Pour le sport, lorsque l'on prend en compte les effets de périmètre, avec le transfert sur le programme 219 de la masse salariale des CTS et que l'on exclut le programme 350 sur les Jeux olympiques, qui relève d'une logique distincte, les crédits consacrés au sport n'augmentent que de 1,7 million. Je parlerai donc de stagnation.

Les crédits dévolus à la jeunesse et à la vie associative augmentent certes de 51,5 millions, mais cette évolution s'explique très largement par l'inscription de 30 millions d'euros au bénéfice du service national universel, et ce au détriment du déploiement du service civique : celui-ci ne bénéficie que d'une hausse de 2,6 % de ses moyens (+ 13 millions), alors que les crédits avaient augmenté de plus de 60 millions par an en moyenne ces trois dernières années.

Enfin, sur le programme 350, l'on observe un quasi-doublement des crédits de paiement en 2020, pour répondre à la hausse des besoins de la Société de livraison des ouvrages olympiques (Solidéo), pour les opérations d'aménagement nécessaires à l'organisation des JOP. Mais sur les 129,5 millions inscrits cette année, il semblerait que seulement 28 millions – soit un peu plus de 20 % – soient fléchés vers les équipements sportifs, et donc bénéficient vraiment au sport dans son ensemble, au titre de l'héritage des Jeux.

Pourriez-vous, madame la ministre, nous confirmer ce chiffre et nous indiquer quels sont les équipements sportifs financés dans ce cadre ?

S'agissant du sport, on observe une stabilisation des crédits à un niveau particulièrement bas, après deux années de forte diminution. En effet, si l'on réunit les crédits budgétaires et les taxes affectées, les moyens dévolus au sport ont baissé de 15 % entre 2017 et 2019, soit presque 80 millions de moins.

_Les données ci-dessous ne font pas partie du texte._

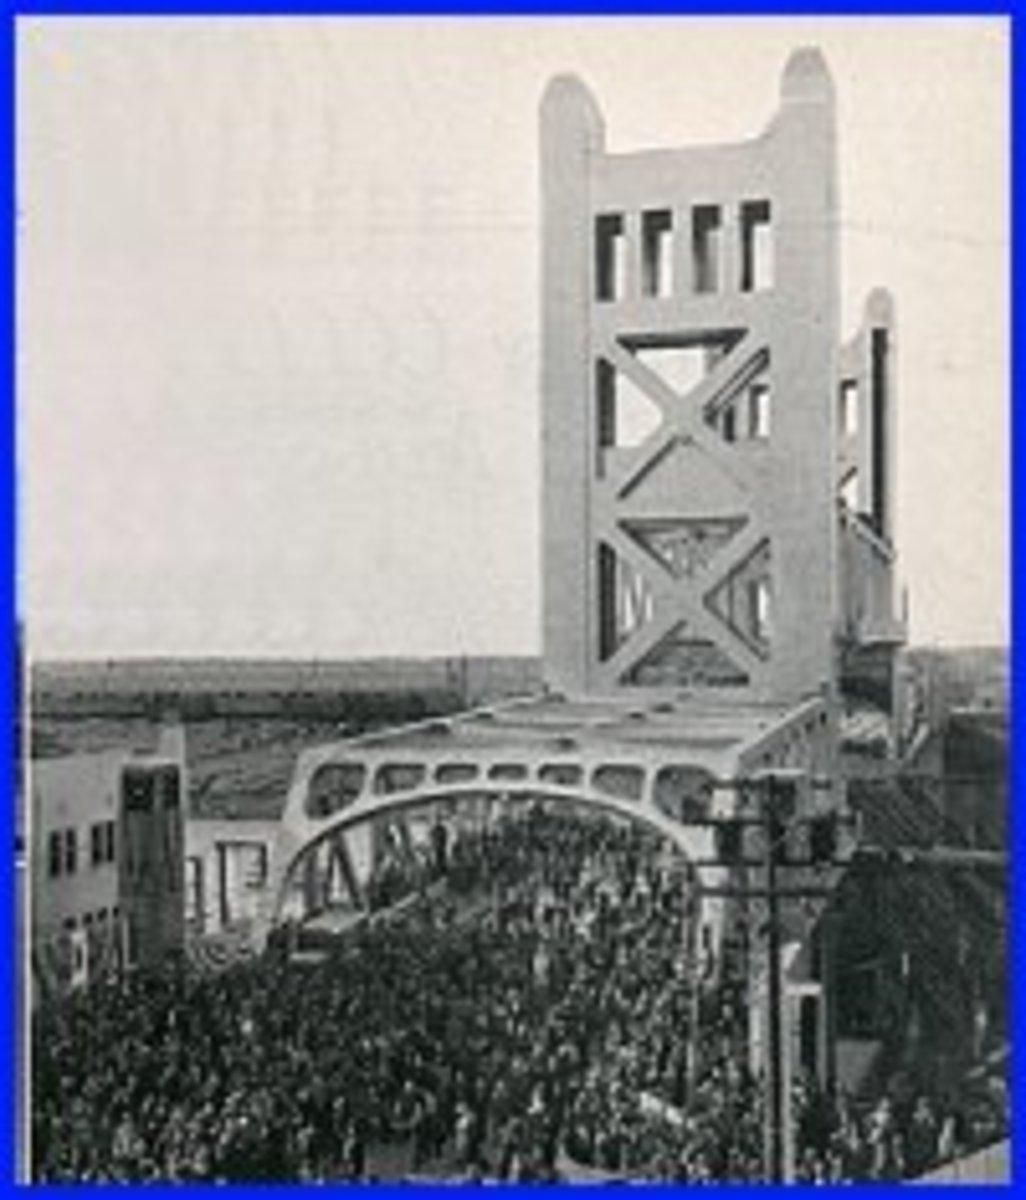 Sacramento Tower Bridge Dedication: 1935

Cela s'est traduit par une forte diminution du soutien apporté aux clubs et aux associations sportives sur nos territoires, ainsi qu'aux équipements sportifs. À ce contexte budgétaire très défavorable, s'est ajoutée la suppression des contrats aidés.

Ces évolutions sont en complet décalage avec l'objectif ambitieux, et que nous partageons, fixé par le Gouvernement d'augmenter de trois millions le nombre de pratiquants sportifs d'ici 2024.

Le budget proposé pour 2020 ne redresse pas la barre, il ne fait que stopper l'hémorragie. En tout état de cause, si l'on ajoute 1,7 million de crédits budgétaires aux 28 millions que je viens d'évoquer pour les équipements sportifs de la Solidéo, nous sommes plus proches d'une augmentation de 4 % des crédits que des 9,8 % affichés.

Je ne peux donc que regretter que les amendements déposés par plusieurs de mes collègues et par moi-même en première partie du projet de loi de finances pour augmenter le plafond des taxes affectées aux politiques sportives n'aient pas été adoptés, y compris les amendements de MM. Gaultier et Cormier-Bouligeon porteurs de 15 millions d'euros supplémentaires – amendements votés en séance le 21 octobre puis annulés du fait du recours par le Gouvernement à une seconde délibération aux petites heures du matin.

C'est d'autant plus dommageable que les recettes de ces taxes affectées au sport – notamment la taxe Buffet dont le rendement, du fait des droits TV pour le football professionnel, augmentera de 25 millions d'ici 2021, et la taxe sur les paris sportifs dont le produit a augmenté de 80 % depuis 2015 – sont très dynamiques. L'affectation de ces deux taxes répond pleinement à une logique de financement des politiques sportives par l'économie du sport.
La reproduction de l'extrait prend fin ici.